Exercise details. Every line of the material below needs to be copied exactly; omit the pictures.

Data section.
*** Block opens ***

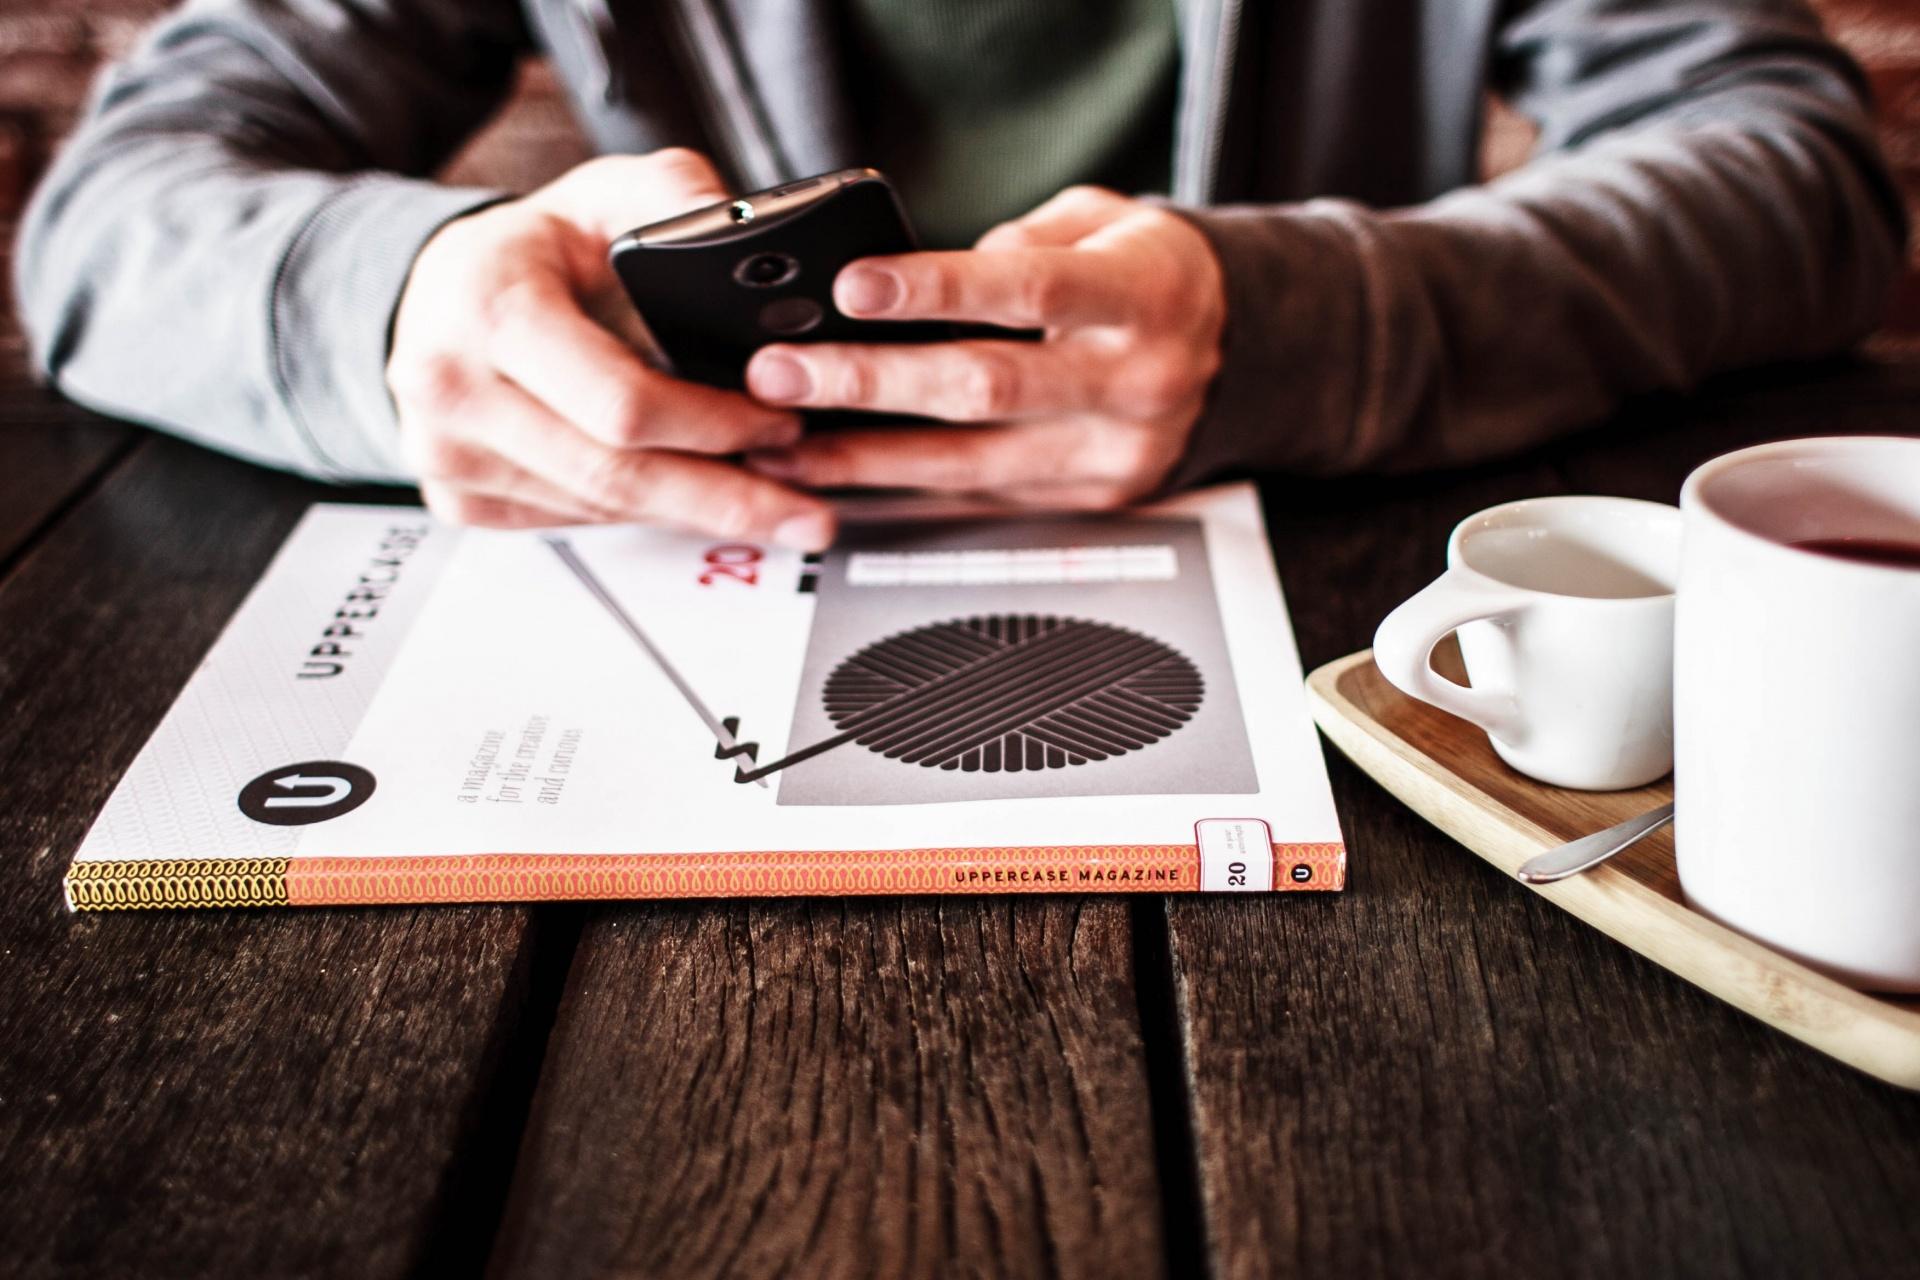 homme-cafe-et-smartphone.jpg
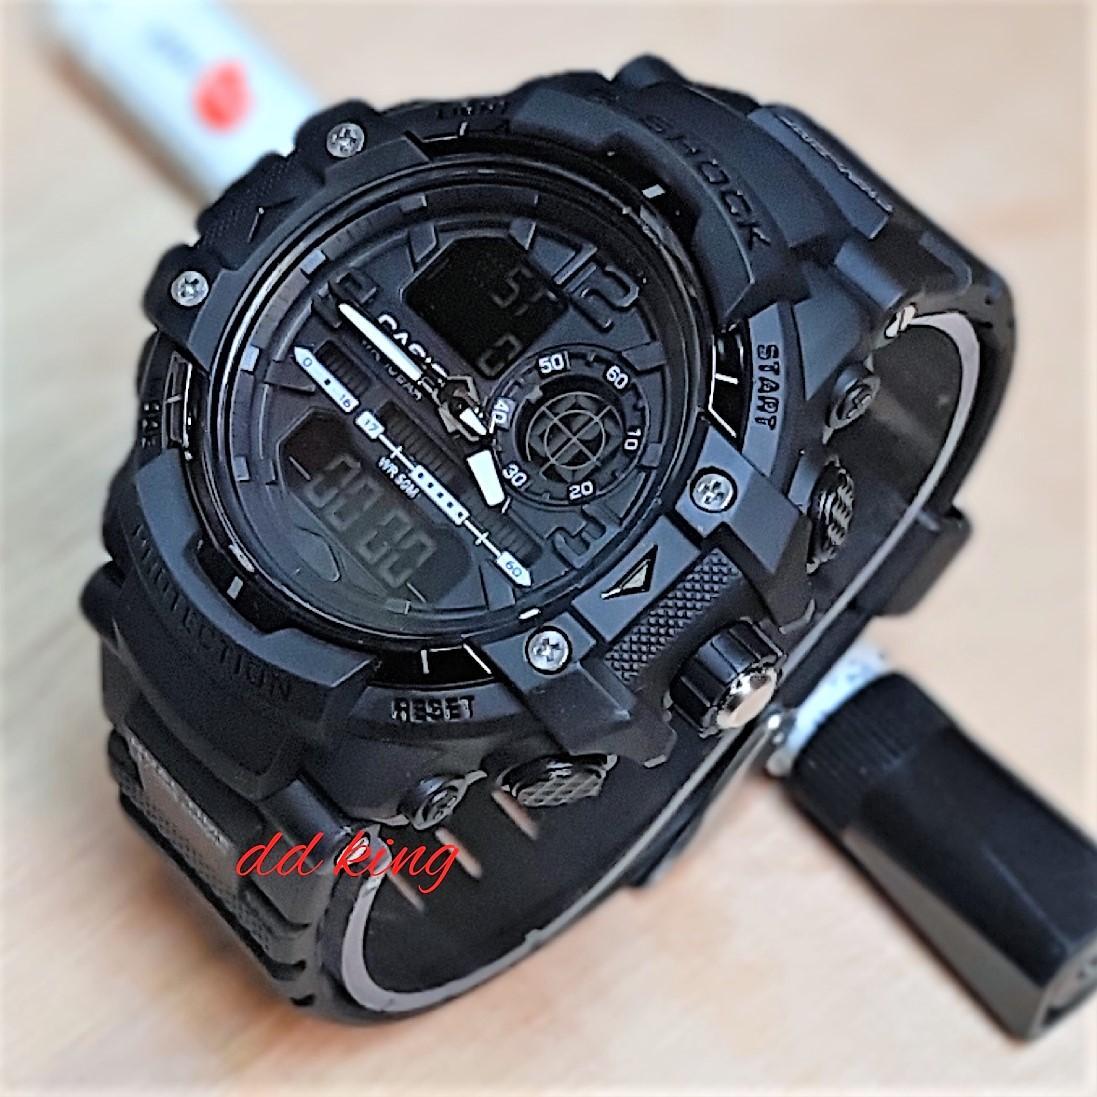 Jual Jam Tangan Casio Original G Shock Dobel Time Tahan Air Black Pria Sport Fashion Dual 2373
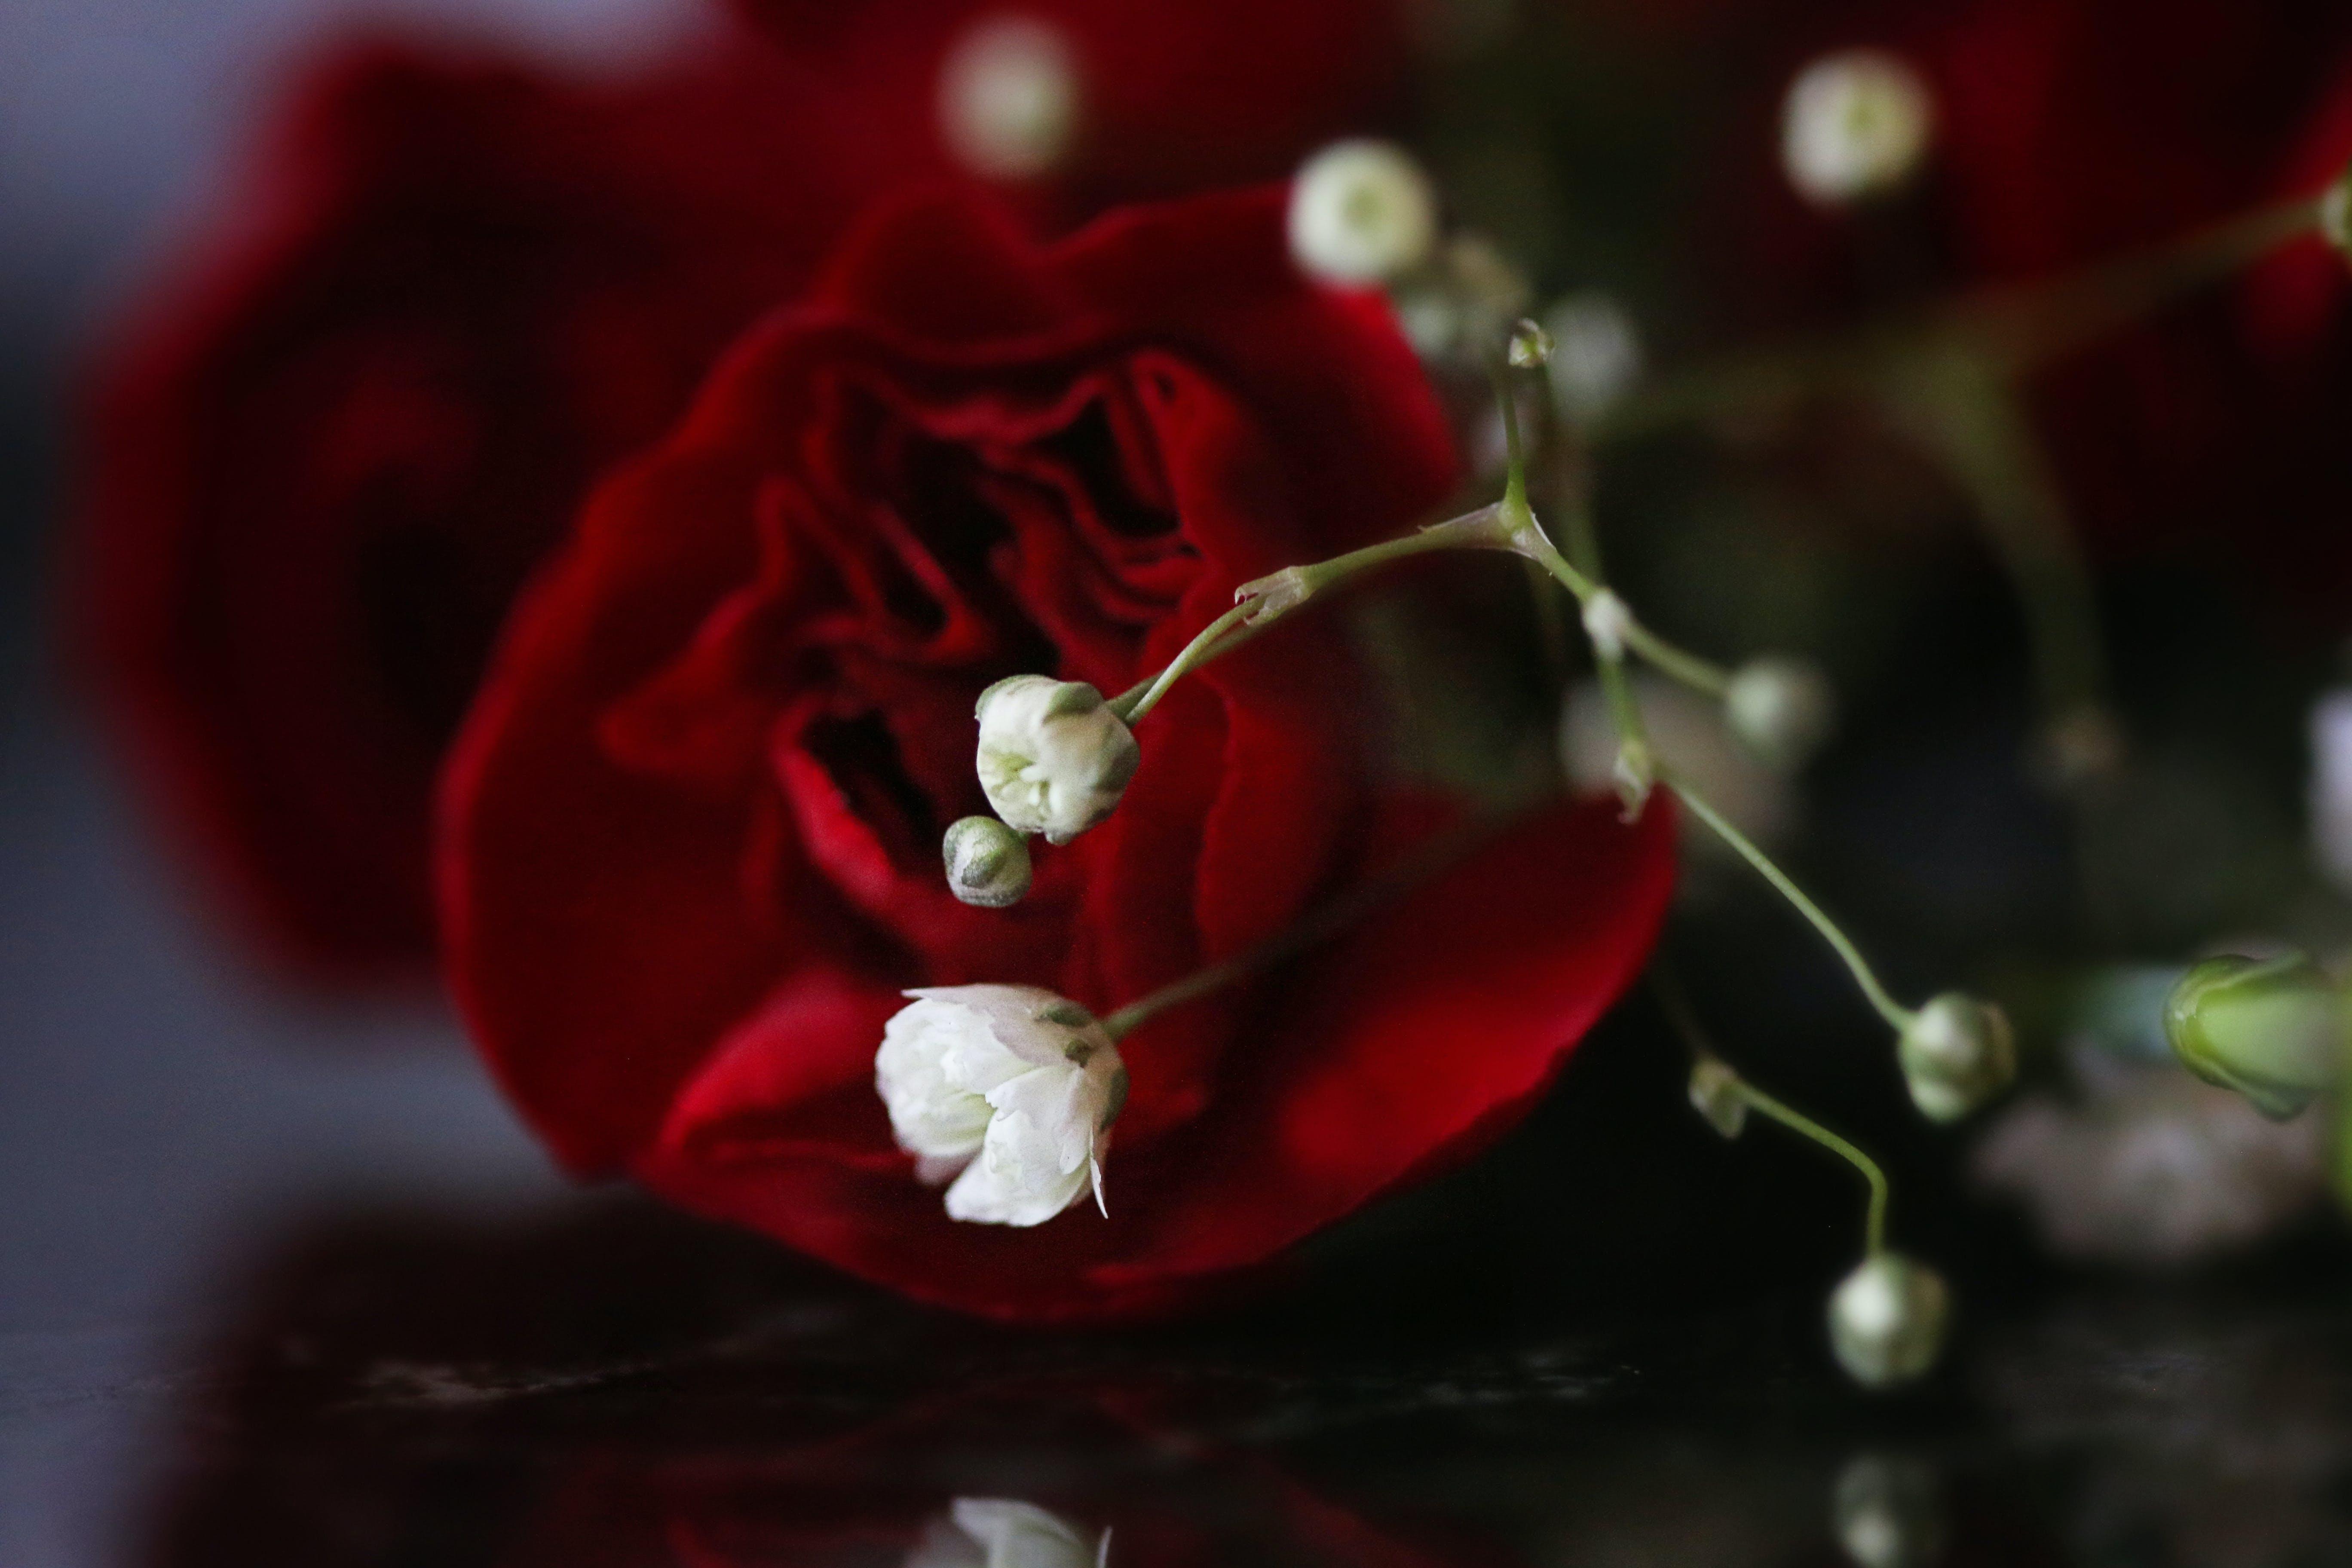 Δωρεάν στοκ φωτογραφιών με ανθίζω, άνθος, γκρο πλαν, λουλούδια

*** Block closes ***

Response box.
 homme-cafe-et-smartphone.jpg
 Jual Jam Tangan Casio Original G Shock Dobel Time Tahan Air Black Pria Sport Fashion Dual 2373
 Δωρεάν στοκ φωτογραφιών με ανθίζω, άνθος, γκρο πλαν, λουλούδια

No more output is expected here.